But yet they are blamed in part for the property boom/bubble. Maybe the OP would be better off listening to reasonable responses rather than bitter potshots.


----------



## MrMan (5 Feb 2010)

There are two issues here. Firstly the EA should not ask for the owner to do his work even if he has a personal/family committment on that day. He should reschedule the appointment, but the viewer may have put the screws on him that this 'is the only day I can see it'. I would imagine that this was an absolute last gasp solution and it wasn't common in boom times either.
Second issue is that he has asked so it's in the OP's interest to go ahead and do the viewing. Look at your goal, you want to sell so do everything you can to achieve that. The fee is already very high, but that is up to the OP to renegotiate now.

If anything you may get some feedback that might open your eyes to what the general buying public think of your house and price.


----------



## mrblues (5 Feb 2010)

AlastairSC said:


> We're paying 2.5% for the agent to use his experience with the buyers.



2.5% is insane as a rate to be paying - have you signed anything to agree to this? If you have then I would not go ahead with the viewing as you will be paying them for YOUR work should it sell to these viewers. 
Other option would be as suggested in a previous post to get them to agree in writing that if it does sell to these buyers then you will agree to pay them a flat fee of your choice or .5% of the sale price as they haven't done their job.


----------



## Knuttell (8 Sep 2010)

MrMan said:


> But yet they are blamed in part for the property boom/bubble. Maybe the OP would be better off listening to reasonable responses rather than bitter potshots.


 
No idea why you bothered replying,do you moderate the comments here?

I replied to the OP query,giving my opinion and experience,you may not agree with it,indeed you are free to add your own,however pleses refrain from replying to my posts if you have nothing constructive to add.


----------



## steph1 (8 Sep 2010)

I would show the house myself to the viewer.  Show them around and then leave them to have a wander around on their own.  And sure you are in the best position to answer any questions or queries they may have. Maybe you should consider taking it away from the EA and advertise it for sale yourself.  And as another poster suggested save the money and treat yourself.  Hope you get a sale.


----------



## AlastairSC (26 Nov 2010)

Update:

No sale yet (surprise). To answer an earlier query the agent is Savills. We've been asked a second time to open the house for a buyer and took some of the advice mentioned here to do a personal, (and hopefully personable) job. I think the problem is that, despite the swish website and image they have too few reps down our way - just the one guy, in fact. Haven't yet said anything to the agent about this for the reasons other posters adduce - a potential buyer is too scarce. Will write to them about introduction rate instead of full fee, though - that's good advice. 
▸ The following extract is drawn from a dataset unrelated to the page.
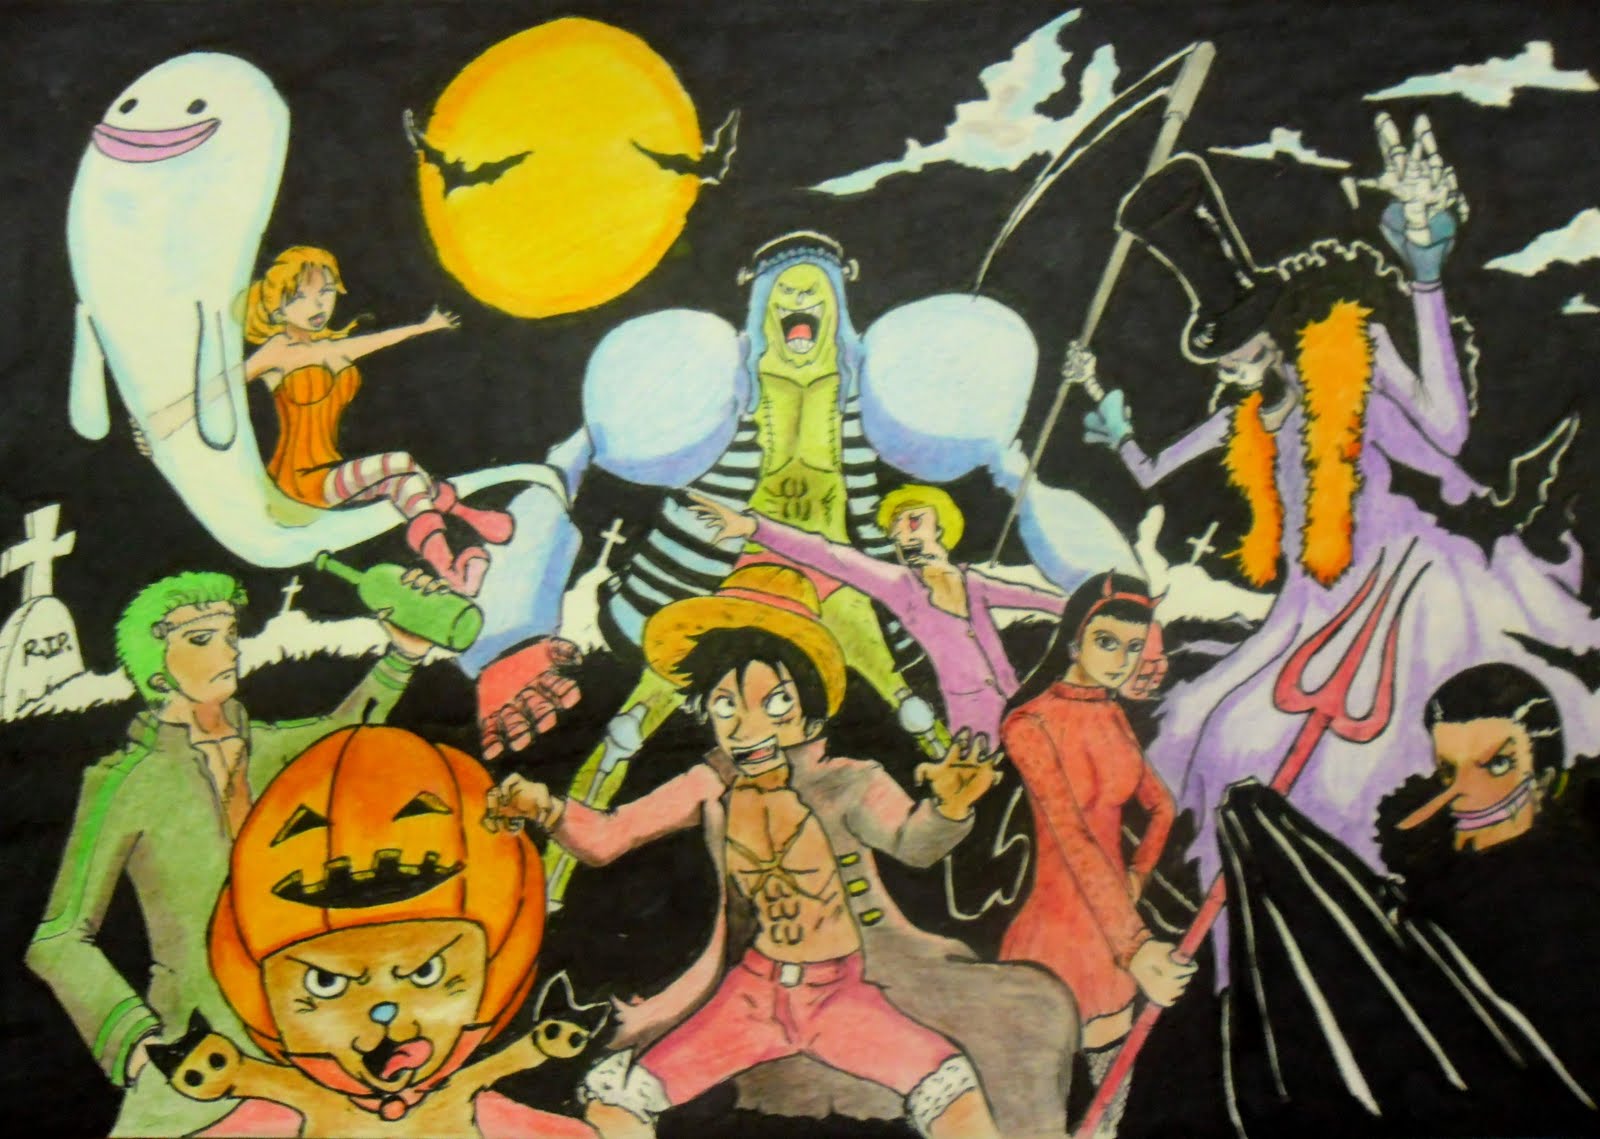 Résultat de recherche d'images pour "image mangas joyeux halloween"

It seems all the viewers to date have come through MyHome.ie (one or two from England) so if we take it away from any agent and try to advertise ourselves do we cut off this option? (We did have it on daft.ie before looking around for an agent  - no responses)


----------



## Black Sheep (28 Nov 2010)

A couple of months ago a friend asked me to come along with him to a viewing on a Saturday. He had made the appointment during the week and was to meet the EA at the said house at 3p.m. 
At 3.15 EA turned up but he was from another Agency and standing in for the original who could not make it to the appointment. He simply opened the front door to let us and sat down to read his paper. Pity he hadn't read the property pages (about this house) and may have been able to answer some basic questions


----------



## Woodie (13 May 2011)

It is actually not so unusual to ask an owner to show a house, at east I have experienced that in the UK. In fact sold the house more quickly this way. You want to sell, you know the house best, you are it's best sales person. Don't chatter on too much and give the people space to wander as soon as you have pointed out the great stuff about the home and area. 
You could come to an arrangement with the EA to deduct something if the viewer turns into a sale.


----------



## beffers (13 May 2011)

AlastairSC said:


> Update:I think the problem is that, despite the swish website and image they have too few reps down our way - just the one guy, in fact.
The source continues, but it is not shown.